Gilmour has hit upon a complex, multi-layered issue that is much more than just caring for sick children. In setting up the charity, she and her co-founders quickly discovered that not only were there no answers to their many questions, but that most of the questions had never been asked in the first place. There is no solid data about the numbers of children missing school through illness, and the effect both on them, and society, of this often prolonged lack of social connection.
“This is the main thing that I would have loved to have come out of the work in the Australia Day [ACT Australian of the Year] nomination,” she says.
“It was ‘Oh, a mum’s doing something nice to help sick kids connect to school’, but it’s a little bit more than that. This is actually a right, it’s in our legislation around equity, it’s in our anti-discrimination legislation, it’s been an invisible issue, states and territories haven’t been addressing it, really, not at scale.”
When she discovered tele-presence robots - devices that can live in the regular classrooms of students and be operated and moved in real time by the student from home or the hospital - she knew she’d hit on a solution.
“Two-way digital connection is the only way that you can solve this at scale, and that’s because it’s very hard for schools to deliver a scaleable connection if you’re not on location,” she says.

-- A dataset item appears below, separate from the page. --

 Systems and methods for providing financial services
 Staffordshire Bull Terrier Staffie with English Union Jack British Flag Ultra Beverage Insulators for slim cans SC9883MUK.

One day, she hopes these robots can be as ubiquitous in schools as wheelchair ramps. But schools and governments need to be on board first.
“I would love people to understand that this is an emerging issue, it’s not going away, and the technology and all of things are there that we need to make this happen are there, it just needs to happen at scale.
“We need to get consensus around what those elements need to be, and then it is the role of governments to make sure - it can’t be left to charity or chance, that’s not going to work.”
“I just want people to know that if you have insights that no one else has, and skills that match the change process that can happen, you just need to stick at it, because the lived experience is so powerful in driving that change,” she says.
“It’s more powerful than anything. I experienced a moral injury in that experience, and that moral injury came from all of my worldview, all of my experience, everything.”